Gut Microbiota Predicts the Risk of Future COVID-19 Hospitalization and Mortality: Insights From the Population-Based HELIUS Study
Robert F J Kullberg, Brent Appelman, Henrike Galenkamp, Maria Prins, Bert-Jan van den Born, Max Nieuwdorp, Bastiaan W Haak, W Joost Wiersinga

TL;DR
This study shows that gut bacteria, especially those producing butyrate, can predict the risk of severe COVID-19 outcomes like hospitalization or death.
Contribution
The study demonstrates that gut microbiota composition before infection can influence future severe COVID-19 risk.
Findings
Baseline gut microbiota composition is associated with future severe COVID-19 risk.
Higher levels of butyrate-producing bacteria are linked to lower risk of severe outcomes.

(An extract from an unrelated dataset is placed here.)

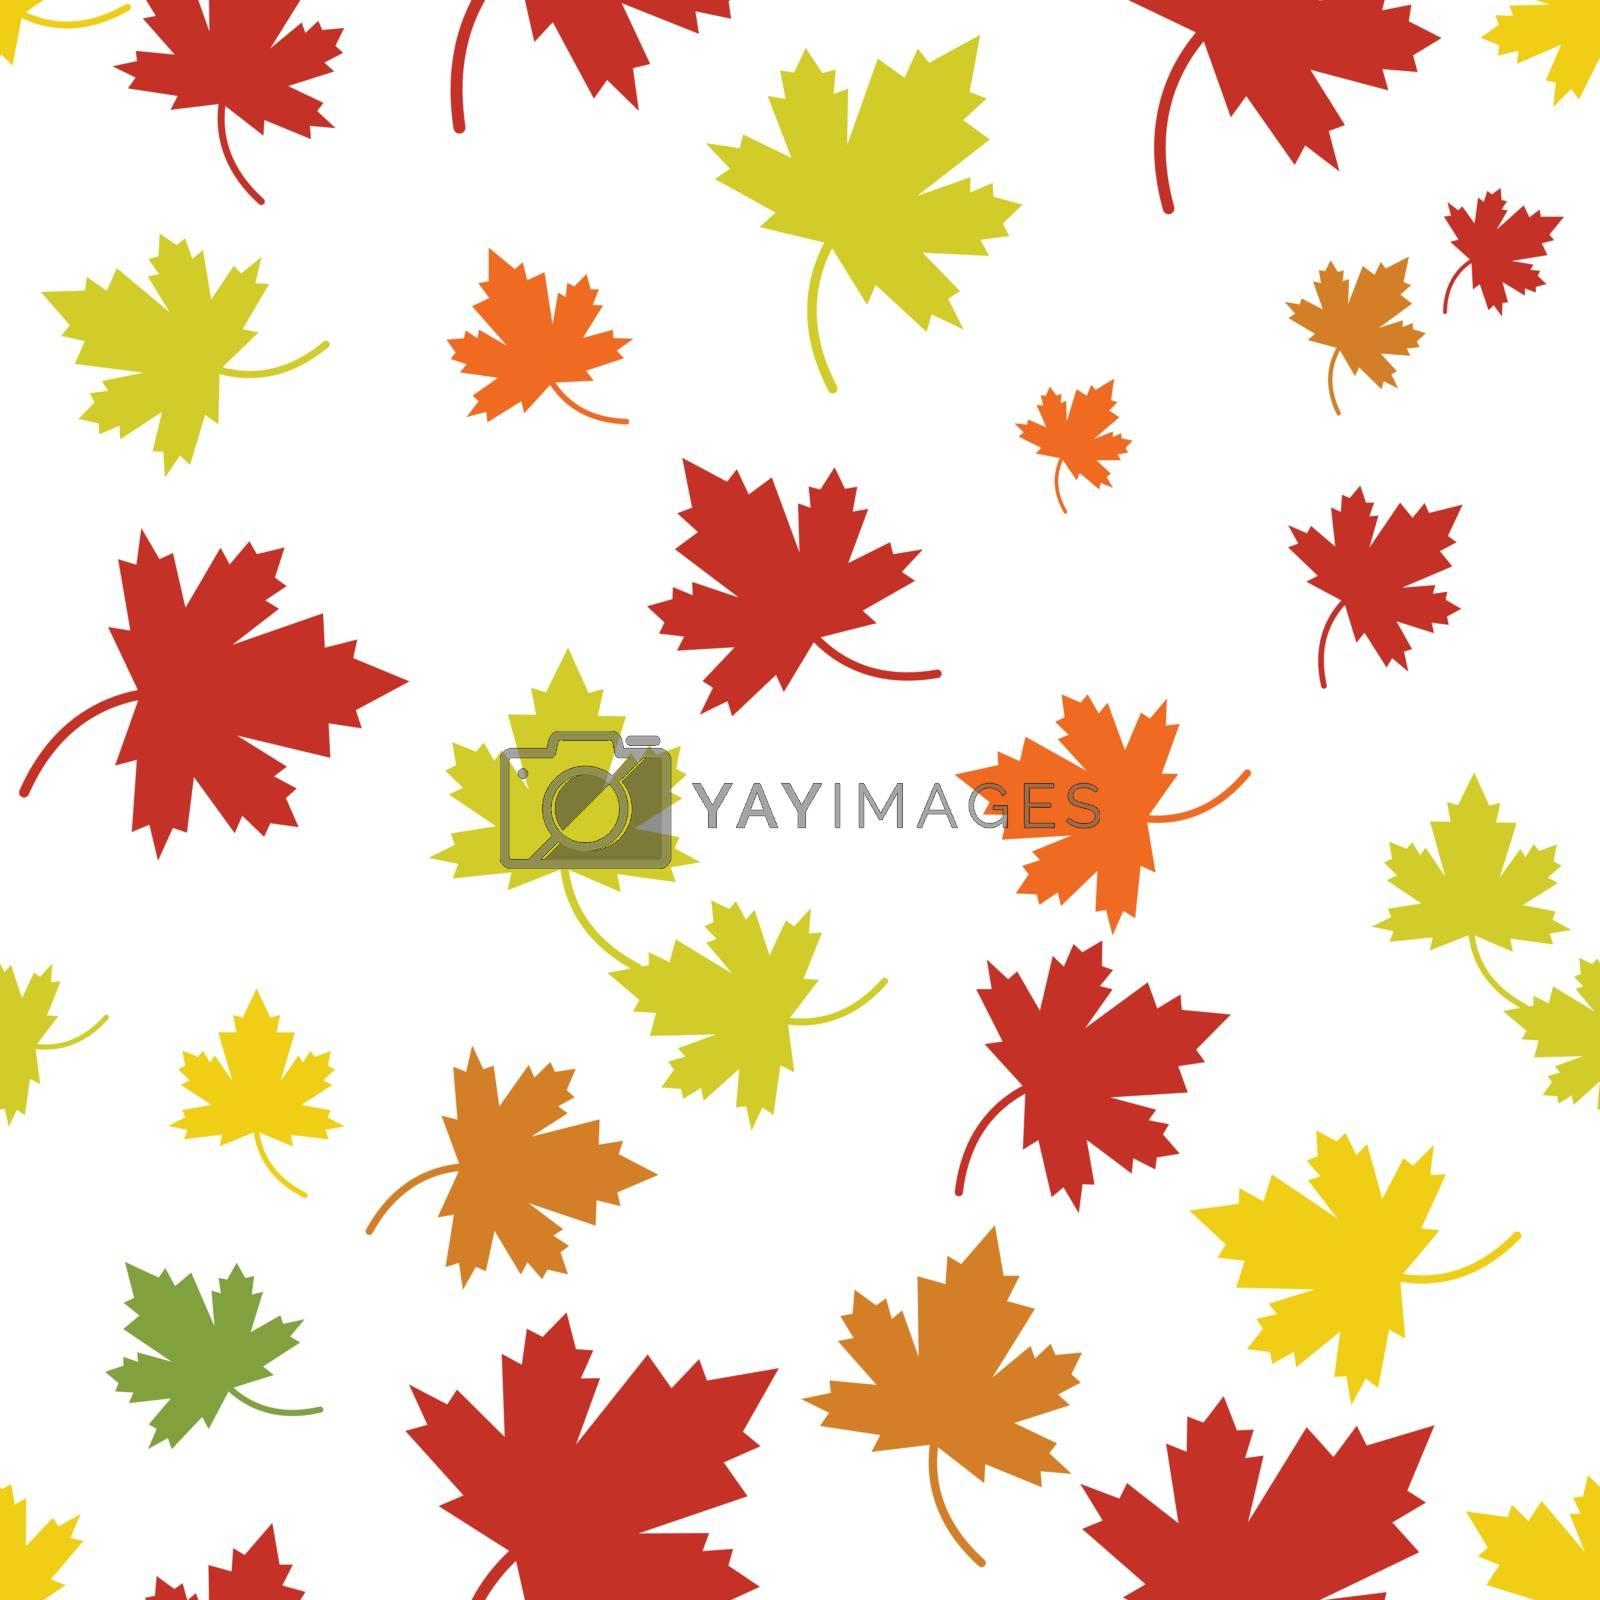 Maple leaf vector illustration design template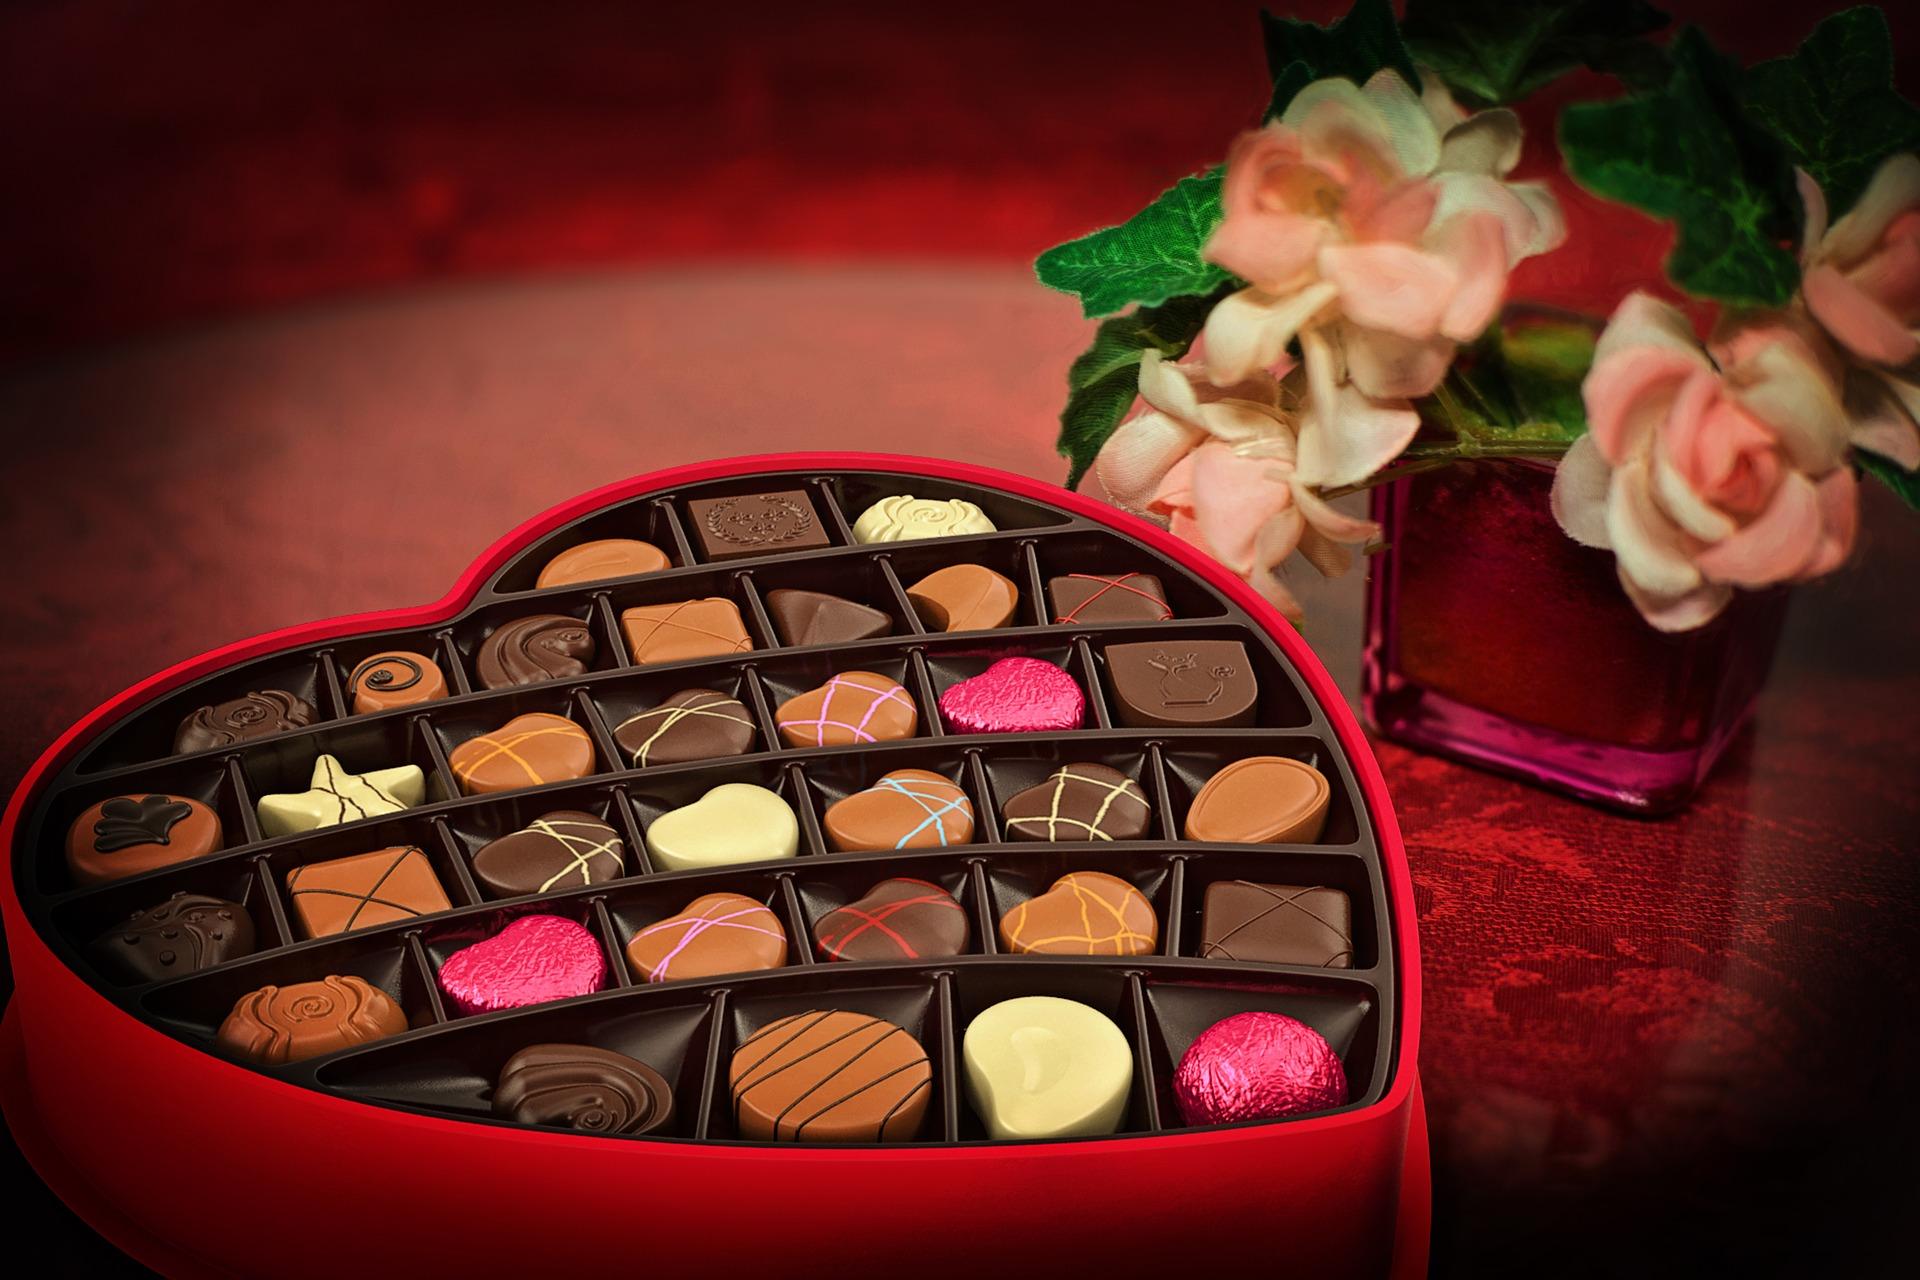 st-valentin (2)

Microbiota alterations precede severe disease and may serve as a prevention target.
Abstract
Gut microbiota are disrupted in patients hospitalized for COVID-19, with a loss of anaerobic bacteria-producing butyrate. Yet, these disruptions could either be a consequence of the infection itself or increase susceptibility from the outset. Here, we investigated whether gut microbiota influence the risk of future COVID-19 hospitalization and mortality. In 5084 participants of a population-based cohort, gut microbiota composition was associated with the risk of future severe COVID-19. Specifically, increased abundances of butyrate-producing bacteria were associated with a lower risk of severe COVID-19. Together, gut microbiota alterations precede severe COVID-19 and may represent a novel target for prevention. In this large population-based cohort, we found that baseline gut microbiota, especially low levels of butyrate producers, are coupled with a higher risk of hospitalization or…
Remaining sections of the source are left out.